━━ Information shown

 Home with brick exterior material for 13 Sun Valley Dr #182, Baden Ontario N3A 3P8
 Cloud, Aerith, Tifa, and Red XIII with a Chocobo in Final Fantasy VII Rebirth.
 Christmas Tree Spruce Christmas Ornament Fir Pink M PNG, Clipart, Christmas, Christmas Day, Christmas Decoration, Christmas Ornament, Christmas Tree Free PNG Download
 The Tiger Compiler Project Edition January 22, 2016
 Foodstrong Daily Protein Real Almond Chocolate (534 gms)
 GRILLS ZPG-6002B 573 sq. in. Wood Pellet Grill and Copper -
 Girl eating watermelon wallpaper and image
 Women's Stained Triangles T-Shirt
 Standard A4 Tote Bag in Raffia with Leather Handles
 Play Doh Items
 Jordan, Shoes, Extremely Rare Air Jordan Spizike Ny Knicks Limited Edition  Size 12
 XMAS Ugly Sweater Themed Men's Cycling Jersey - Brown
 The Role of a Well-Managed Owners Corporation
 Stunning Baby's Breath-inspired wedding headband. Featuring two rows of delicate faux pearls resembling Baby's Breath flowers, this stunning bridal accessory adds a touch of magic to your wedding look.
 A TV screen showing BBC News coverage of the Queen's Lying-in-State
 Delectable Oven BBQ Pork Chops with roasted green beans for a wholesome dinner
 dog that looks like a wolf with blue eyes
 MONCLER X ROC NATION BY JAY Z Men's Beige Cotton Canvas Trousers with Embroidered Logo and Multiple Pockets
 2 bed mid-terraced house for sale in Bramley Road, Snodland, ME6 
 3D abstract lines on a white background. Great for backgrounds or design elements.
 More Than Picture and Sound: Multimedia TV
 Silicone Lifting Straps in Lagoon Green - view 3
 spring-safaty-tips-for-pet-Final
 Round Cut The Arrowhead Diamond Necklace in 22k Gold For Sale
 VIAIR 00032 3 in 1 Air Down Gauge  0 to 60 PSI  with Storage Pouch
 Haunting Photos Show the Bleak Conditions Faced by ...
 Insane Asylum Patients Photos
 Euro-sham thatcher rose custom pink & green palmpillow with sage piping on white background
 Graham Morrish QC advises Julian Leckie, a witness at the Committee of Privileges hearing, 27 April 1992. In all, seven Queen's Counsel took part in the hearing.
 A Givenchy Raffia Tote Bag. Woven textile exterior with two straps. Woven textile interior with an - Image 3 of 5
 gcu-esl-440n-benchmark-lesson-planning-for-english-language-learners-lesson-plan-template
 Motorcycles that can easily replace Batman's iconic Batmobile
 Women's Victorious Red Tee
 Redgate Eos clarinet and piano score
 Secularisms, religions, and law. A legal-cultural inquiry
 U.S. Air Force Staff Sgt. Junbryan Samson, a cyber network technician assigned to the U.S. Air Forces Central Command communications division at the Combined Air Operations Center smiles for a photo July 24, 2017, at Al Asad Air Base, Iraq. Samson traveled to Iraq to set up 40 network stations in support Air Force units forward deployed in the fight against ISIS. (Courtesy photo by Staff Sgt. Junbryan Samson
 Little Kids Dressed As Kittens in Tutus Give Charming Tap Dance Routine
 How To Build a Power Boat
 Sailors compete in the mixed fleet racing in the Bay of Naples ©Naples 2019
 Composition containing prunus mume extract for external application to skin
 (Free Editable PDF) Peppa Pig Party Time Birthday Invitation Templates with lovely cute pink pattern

━━━━

Write out every record verbatim.

__Solution to the exercise__.
 Home with brick exterior material for 13 Sun Valley Dr #182, Baden Ontario N3A 3P8
 Cloud, Aerith, Tifa, and Red XIII with a Chocobo in Final Fantasy VII Rebirth.
 Christmas Tree Spruce Christmas Ornament Fir Pink M PNG, Clipart, Christmas, Christmas Day, Christmas Decoration, Christmas Ornament, Christmas Tree Free PNG Download
 The Tiger Compiler Project Edition January 22, 2016
 Foodstrong Daily Protein Real Almond Chocolate (534 gms)
 GRILLS ZPG-6002B 573 sq. in. Wood Pellet Grill and Copper -
 Girl eating watermelon wallpaper and image
 Women's Stained Triangles T-Shirt
 Standard A4 Tote Bag in Raffia with Leather Handles
 Play Doh Items
 Jordan, Shoes, Extremely Rare Air Jordan Spizike Ny Knicks Limited Edition  Size 12
 XMAS Ugly Sweater Themed Men's Cycling Jersey - Brown
 The Role of a Well-Managed Owners Corporation
 Stunning Baby's Breath-inspired wedding headband. Featuring two rows of delicate faux pearls resembling Baby's Breath flowers, this stunning bridal accessory adds a touch of magic to your wedding look.
 A TV screen showing BBC News coverage of the Queen's Lying-in-State
 Delectable Oven BBQ Pork Chops with roasted green beans for a wholesome dinner
 dog that looks like a wolf with blue eyes
 MONCLER X ROC NATION BY JAY Z Men's Beige Cotton Canvas Trousers with Embroidered Logo and Multiple Pockets
 2 bed mid-terraced house for sale in Bramley Road, Snodland, ME6 
 3D abstract lines on a white background. Great for backgrounds or design elements.
 More Than Picture and Sound: Multimedia TV
 Silicone Lifting Straps in Lagoon Green - view 3
 spring-safaty-tips-for-pet-Final
 Round Cut The Arrowhead Diamond Necklace in 22k Gold For Sale
 VIAIR 00032 3 in 1 Air Down Gauge  0 to 60 PSI  with Storage Pouch
 Haunting Photos Show the Bleak Conditions Faced by ...
 Insane Asylum Patients Photos
 Euro-sham thatcher rose custom pink & green palmpillow with sage piping on white background
 Graham Morrish QC advises Julian Leckie, a witness at the Committee of Privileges hearing, 27 April 1992. In all, seven Queen's Counsel took part in the hearing.
 A Givenchy Raffia Tote Bag. Woven textile exterior with two straps. Woven textile interior with an - Image 3 of 5
 gcu-esl-440n-benchmark-lesson-planning-for-english-language-learners-lesson-plan-template
 Motorcycles that can easily replace Batman's iconic Batmobile
 Women's Victorious Red Tee
 Redgate Eos clarinet and piano score
 Secularisms, religions, and law. A legal-cultural inquiry
 U.S. Air Force Staff Sgt. Junbryan Samson, a cyber network technician assigned to the U.S. Air Forces Central Command communications division at the Combined Air Operations Center smiles for a photo July 24, 2017, at Al Asad Air Base, Iraq. Samson traveled to Iraq to set up 40 network stations in support Air Force units forward deployed in the fight against ISIS. (Courtesy photo by Staff Sgt. Junbryan Samson
 Little Kids Dressed As Kittens in Tutus Give Charming Tap Dance Routine
 How To Build a Power Boat
 Sailors compete in the mixed fleet racing in the Bay of Naples ©Naples 2019
 Composition containing prunus mume extract for external application to skin
 (Free Editable PDF) Peppa Pig Party Time Birthday Invitation Templates with lovely cute pink pattern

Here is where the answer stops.